Christmas tree - $19









Treats For Decorations - $15









Goats Enjoying their own decorated Christmas tree - PRICELESS. 
LOL    




































Jen


----------



## DavyHollow (Jul 14, 2011)

Great idea! Loving that!

They look so happy!


----------



## liz (Oct 5, 2007)

I love it! Good to see that they are enjoying the Holidays too


----------



## BinderRidgeFarm (Jun 24, 2011)

That is so cool! I am sure the goaties are enjoying their holiday gift :laugh:


----------



## milk and honey (Oct 31, 2010)

Very cool !!!


----------



## Sunny Daze (May 18, 2010)

What a fun idea! They seem to be enjoying it!


----------



## Charlene (Nov 9, 2011)

:slapfloor: OMG the apple on top just cracked me up!!!
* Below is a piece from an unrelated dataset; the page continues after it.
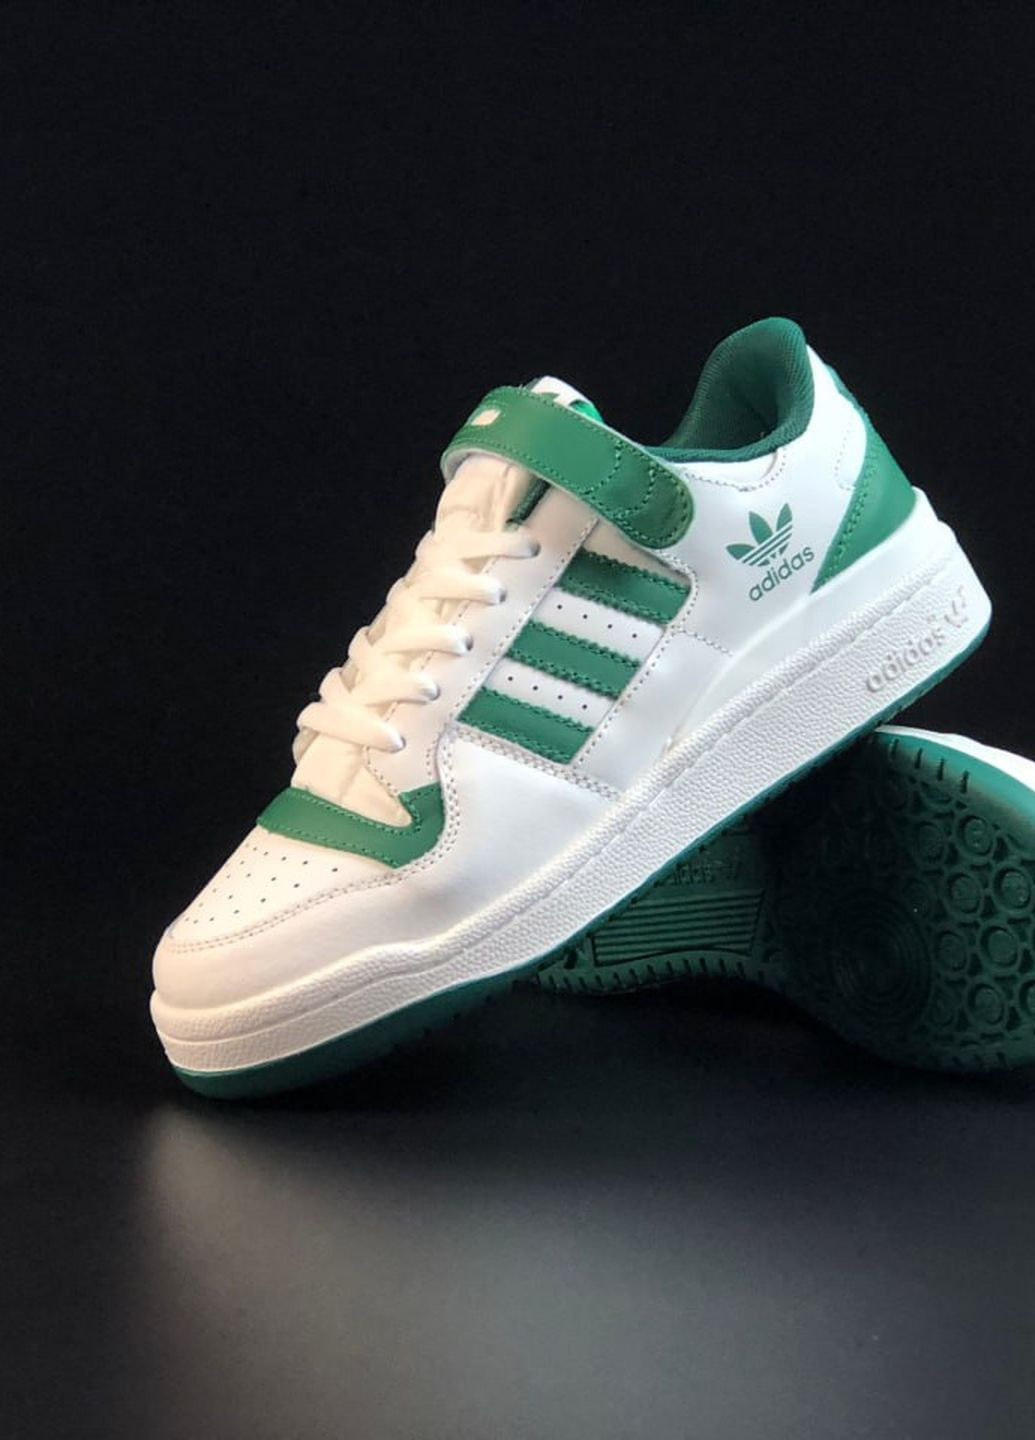 Цветные демисезонные кроссовки мужские adidas forum low реплика бело-зеленые No Brand

now i feel bad...all i did was bring a tree home and toss it out to them. next year, i am gonna decorate it for them! LOL


----------



## toth boer goats (Jul 20, 2008)

Great idea...I love it....Happy Goats for sure....... :thumb: :hi5:


----------



## RMADairyGoats (Jun 20, 2011)

I LOVE THAT!!! :laugh: Great idea!


----------



## Red Mare (Aug 17, 2011)

What a cute idea! I love it!


----------



## Bit of Everything (Jan 28, 2011)

My goats are so under loved they didn't get a tree for Christmas.


----------



## Itchysmom (Apr 3, 2010)

I was just gonna give then the tree...now I am gonna havta decorate for them !


----------



## LuvmyGoaties (Mar 9, 2010)

The treats were cut up apples, raisons, dried cranberries and animal crackers all stuck on with Peanut Butter and mollases. Now the goats are a sticky mess :roll: LOL. But they loved it. I will have to do it again next year. 

Jen


----------



## ksalvagno (Oct 6, 2009)

That is great! Neat idea!


----------